Hot and sour eggplant curry

Murdoch Recipe Article Lead - narrow
Murdoch Recipe Article Lead - narrow 

Eggplant (aubergine) goes particularly well with coriander, cumin and coconut rich, warm flavours but is surprisingly amenable to a wide range of ingredients, such as the curry-scented fenugreek and anise-flavoured fennel used in this dish.


1 large (about 500g) eggplant

2 small tomatoes

2 tbsp oil

3 tsp fenugreek seeds

3 tsp fennel seeds

4 cloves, crushed garlic

1 large, finely diced onion

4 curry leaves

1 1/2 tbsp ground coriander

2 tsp turmeric

125ml (1/2 cup) tomato juice

2 tbsp tamarind purée

2 red chillie, finely sliced

125ml (1/2 cup) coconut cream

1 handful leaves, chopped coriander


1. Cut the eggplant into 2cm cubes. Sprinkle with 1/2 teaspoon salt and set aside for 1 hour. Drain and rinse.
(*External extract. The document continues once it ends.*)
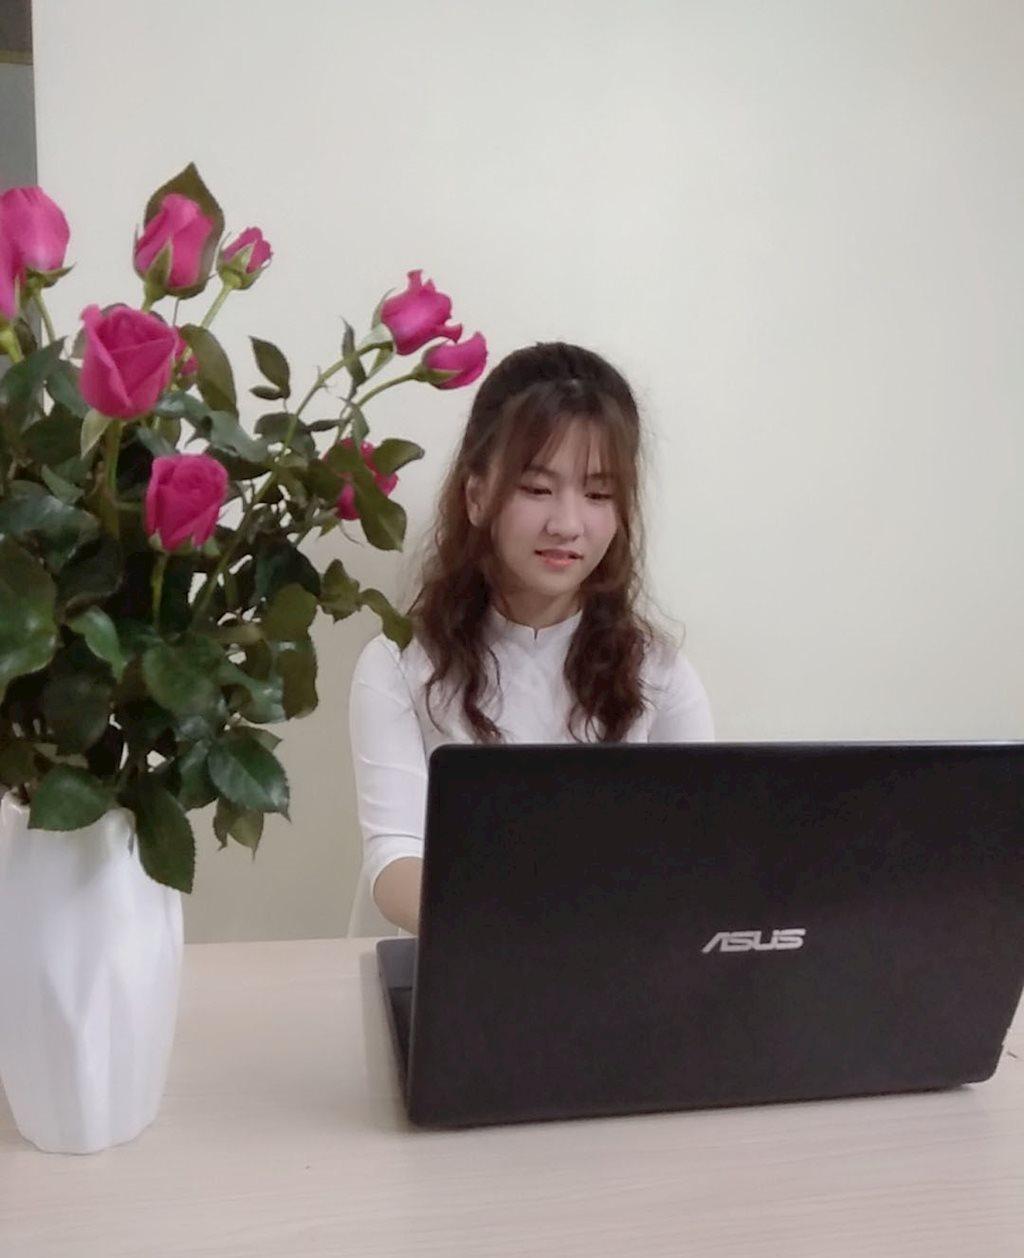 Nữ sinh 17 tuổi sắp tốt nghiệp đại học nhờ học online tại FUNiX | Chủ tịch FPT tặng 4 phần thưởng đặc biệt cho một nữ sinh viên 17 tuổi

2. Chop the tomatoes into rough dice. Heat the oil in a heavy-based saucepan over medium heat. Add the fenugreek and fennel seeds. When they start to crackle, add the garlic, onion and curry leaves and cook for 3-5 minutes or until onion is transparent. Add the eggplant and stir for 6 minutes, or until it begins to soften. Add the ground spices, tomatoes, tomato juice, tamarind and sliced fresh chillies.

3. Bring to the boil, then reduce to a simmer, cover and continue to cook for about 35 minutes, or until eggplant is very soft. Stir in the coconut cream and coriander and season to taste.